Astrid casts him a sidelong look. “Don’t take this the wrong way, but you look like a mess. Go home, and I’ll try to keep anyone from bothering you for a few hours.”
He smiles at her, thankful. “I would really, really appreciate that.” He stops for a second, thinking. “Hey, you were up pretty early too. You weren’t waiting for me, were you?”
Astrid’s face abruptly gets redder as she says “No, I was with—“ before her eyes widen and she clamps her mouth shut. Hiccup gets much, much more curious. “If you make me answer that I’ll make sure the twins find something very loud to occupy themselves with.”
Hiccup grimaces, and says, “Okay, it can wait. I’ll see you later, Astrid.”
She smiles and gives him a light push as she leaves, so it’s just him and Toothless again. The rest of the walk isn’t too far, and he tries his best to not think of anything while they make their way home. They’re just passing through the shadow of a house when an aged hand reaches out to hold onto his arm.
He nearly falls over in surprise— the holder is an old man, a long beard nearly trailing to his feet and a staff much taller than him gripped in his free hand. He has kindly eyes set in a deep lined face, and there must be something very strange about looking into those eyes, because Hiccup finds himself forgetting that he’s never seen this man on Berk in his life. Toothless doesn’t give any sort of warning growl, and seems to be content just to look at the man with a slightly tilted head.

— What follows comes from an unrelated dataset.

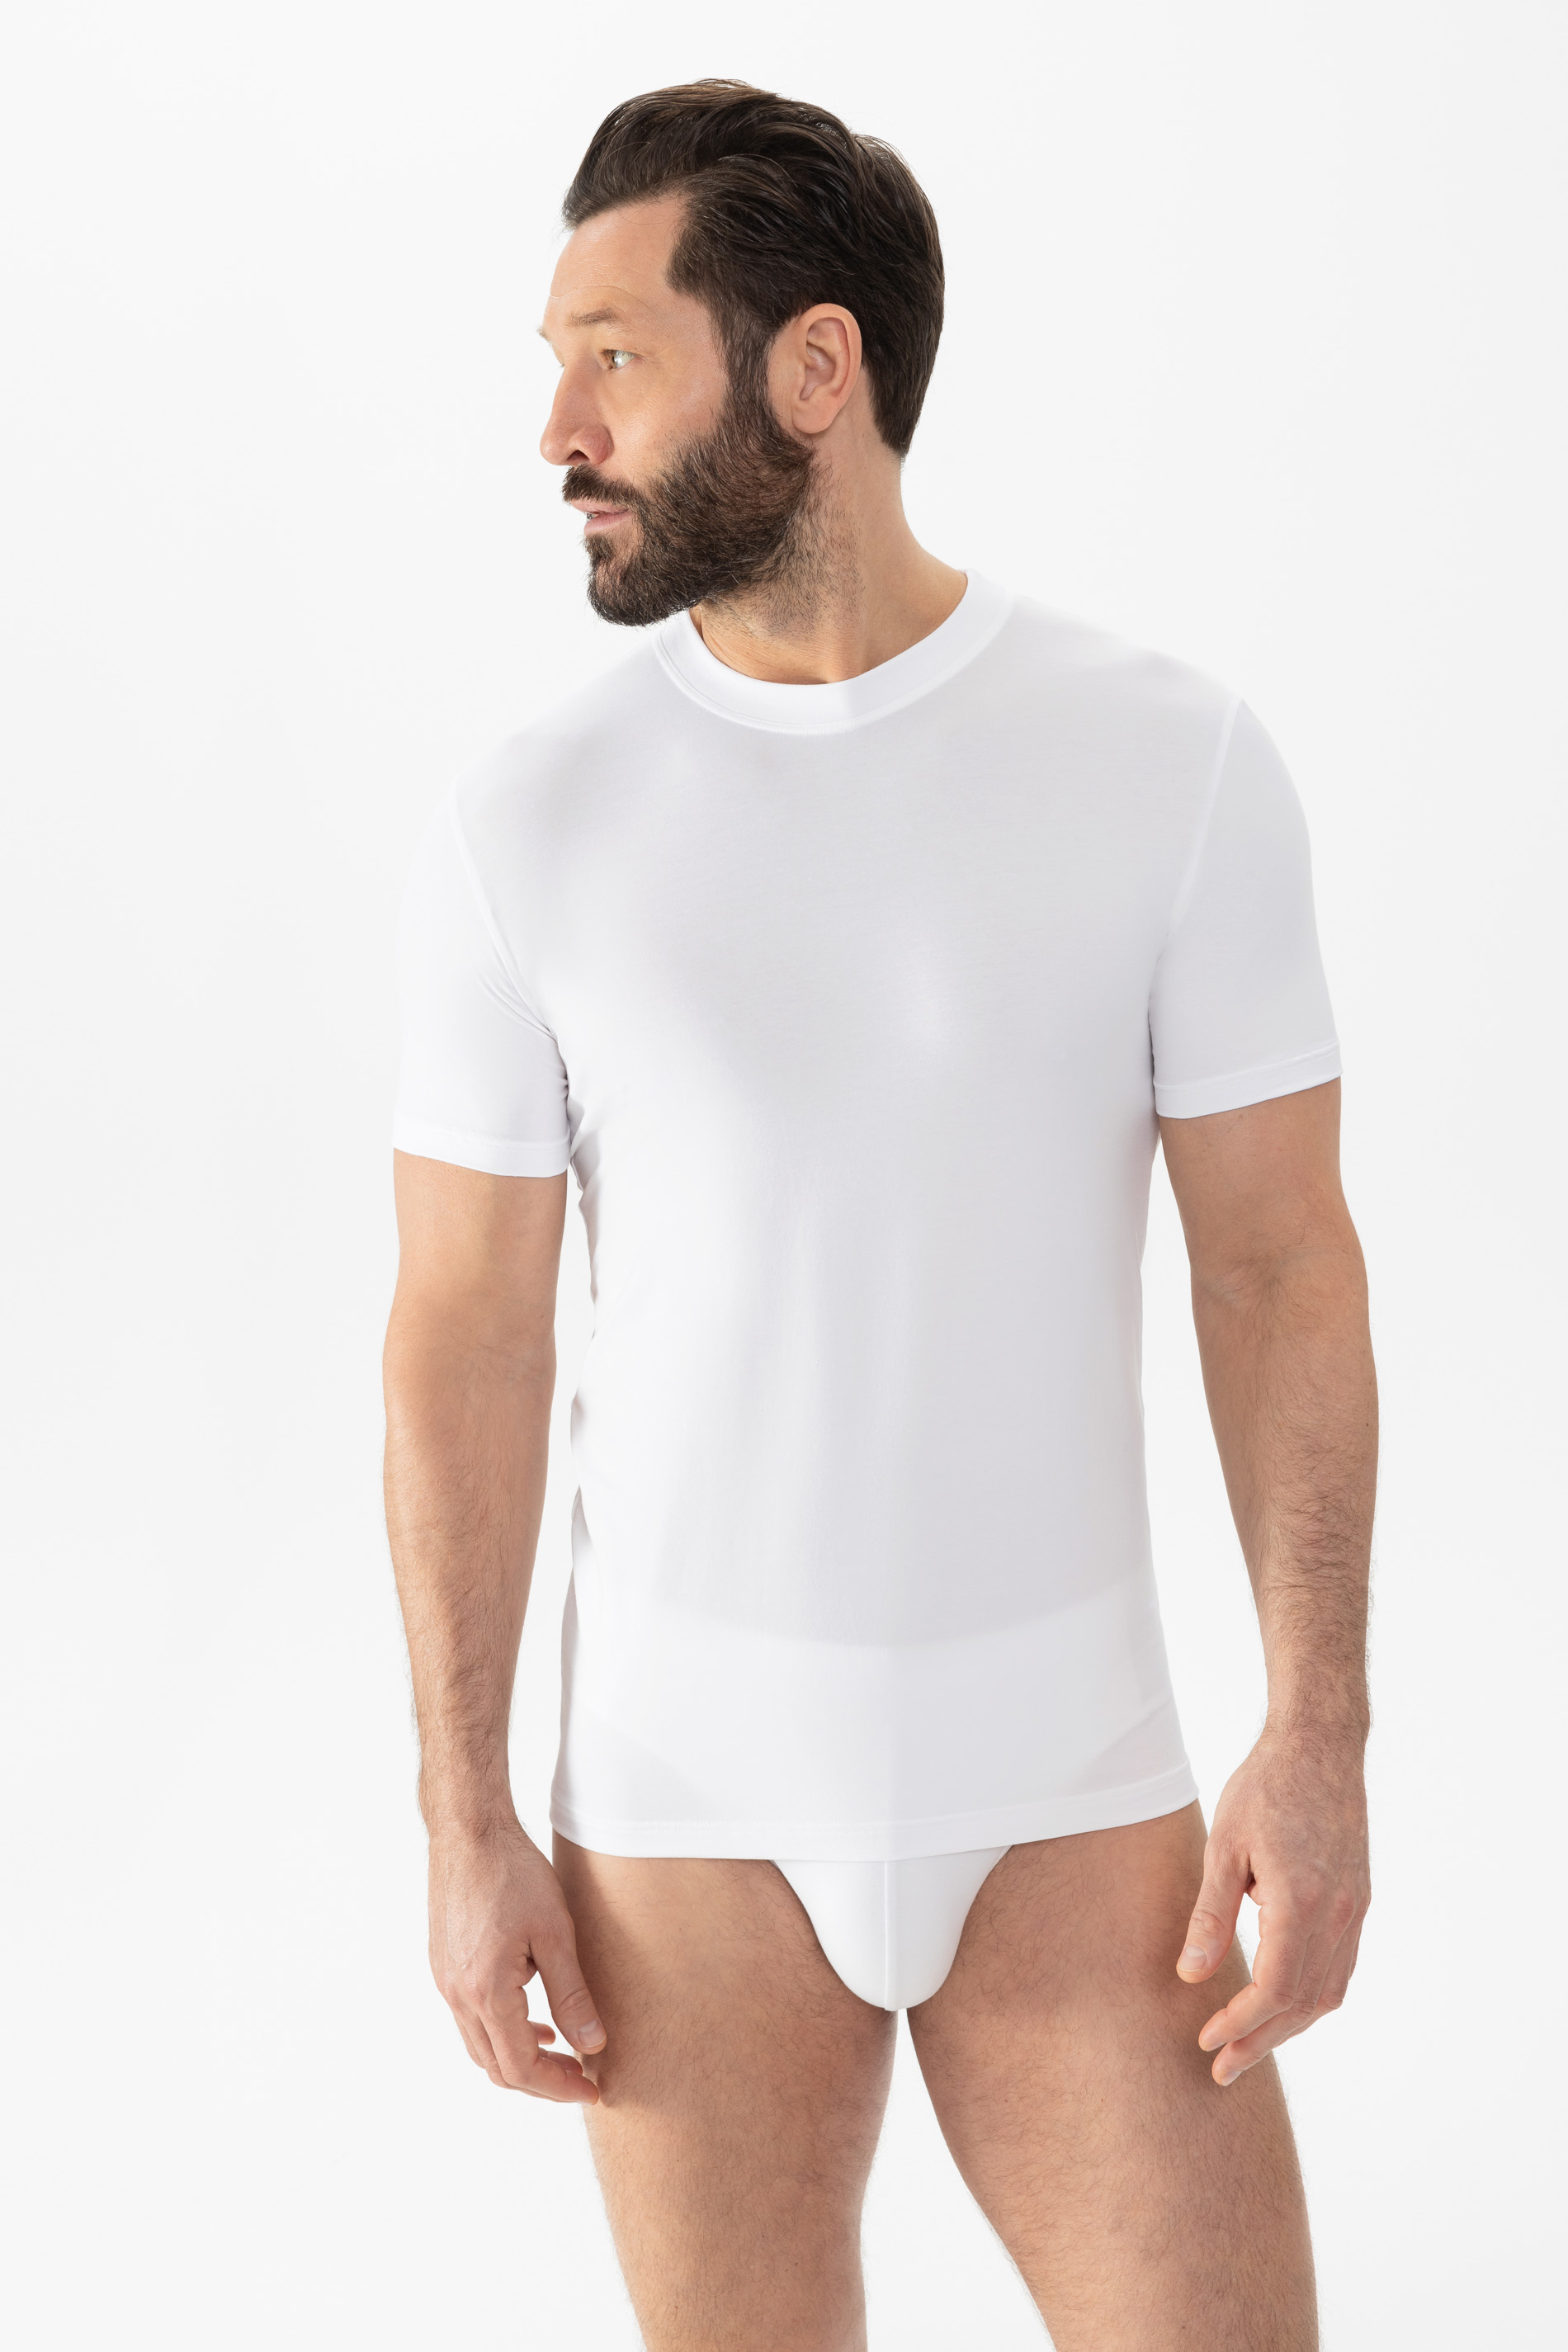 Shirt Wit Serie Dry Cotton Vooraanzicht | mey®

“A gift, for you,” the old man says with a smile, the gummy sort that it wouldn’t be surprising to see him give a child. Hiccup feels sort of dumbstruck around him, and only watches as the man rummages in the pocket of his long cloak until he comes away with what appears to be…
“A compass?” Hiccup asks. He accepts it with both hands, examining it in confusion. There isn’t anything obviously different about it to set it apart from any other compass. However, as he brings it closer to his face to better look at it, he finds he can hear a faint tick, tick, tick.

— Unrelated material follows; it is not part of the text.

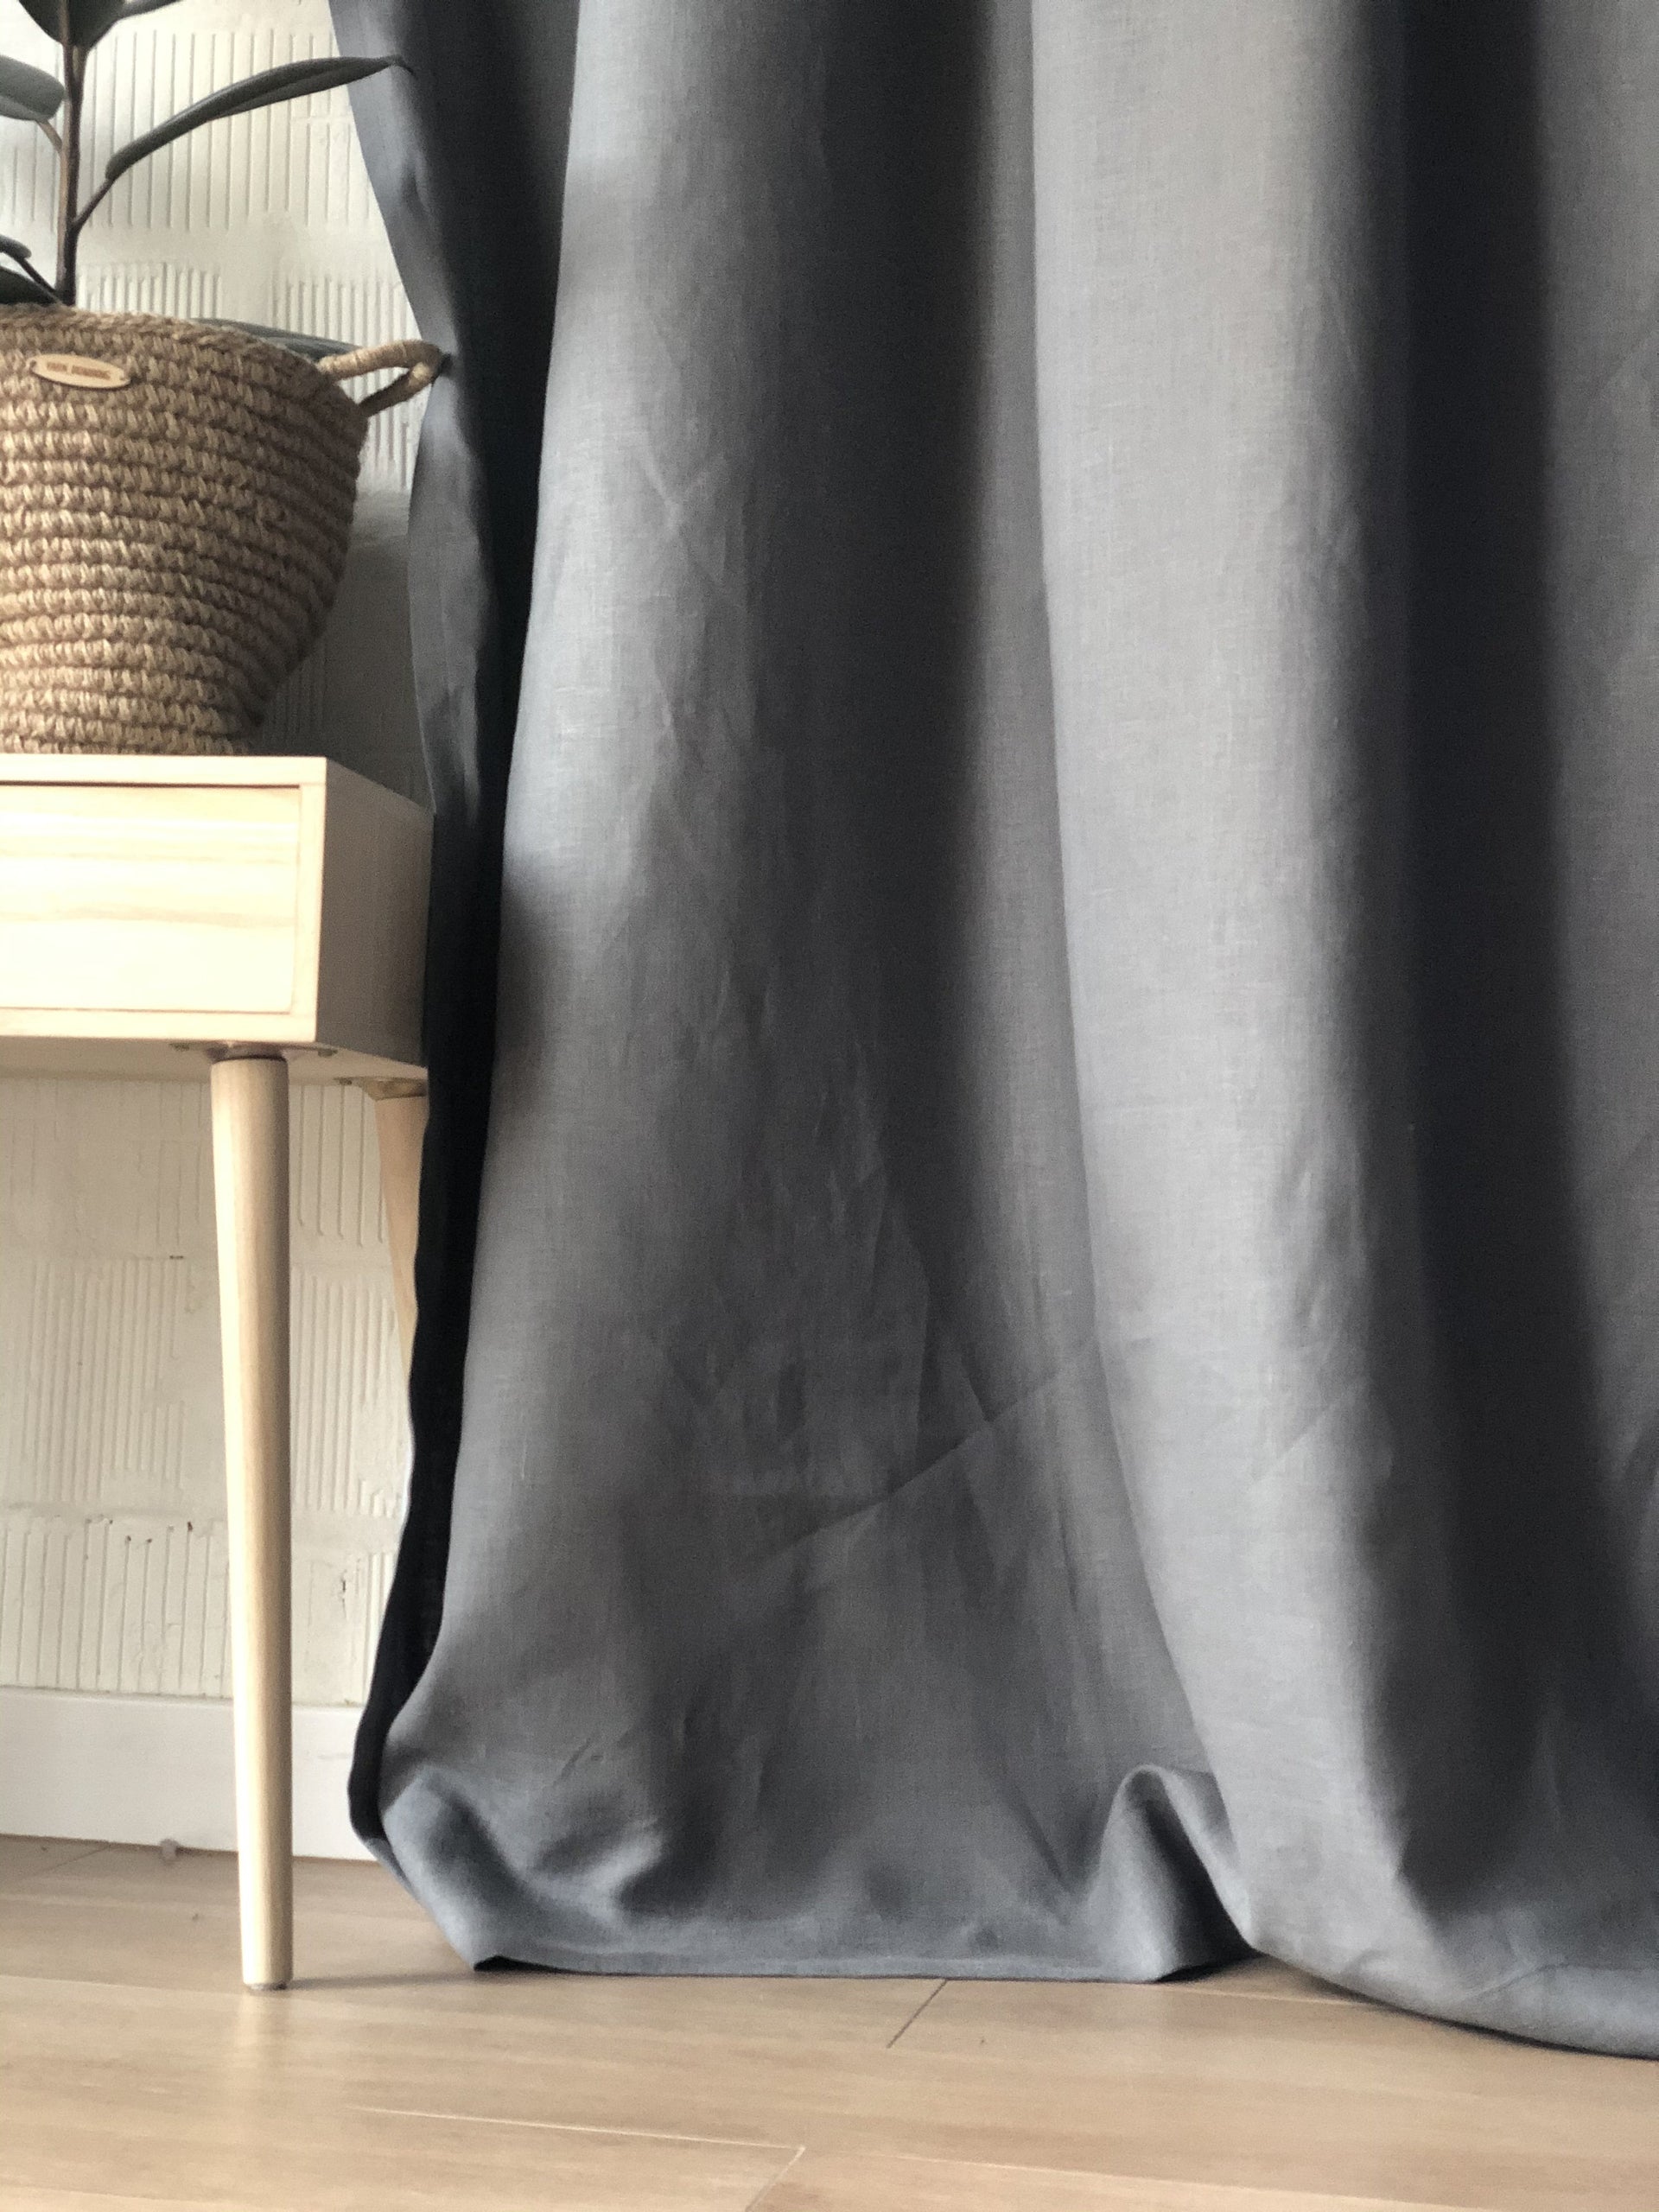 Pole Pocket Linen Curtain

“That and more, much more, much more,” the old man says, smiling that same smile. “You will find it useful, when the time comes.”
“Uh… thanks?” Hiccup says. What time? he wonders, but his mouth feels confused around the words. The old man wraps both hands around his staff and nods, then taps it against Hiccup’s side harder than expected from such a wiry old man, who already begins to shuffle away.
“Get some sleep, boy. Sleep always brings new surprises,” he tells Hiccup, tapping his nose. Hiccup, nodding, turns away, the ticking compass in hand and his home ahead of him. He thinks he’ll probably have more thoughts on this later, when he’s awake, but for now the meeting passes through his mind like a hazy dream.
When he successfully gets home, he’s able to wash his hands and make sure Toothless is fed and comfortable, before passing out in bed and sleeping like the dead.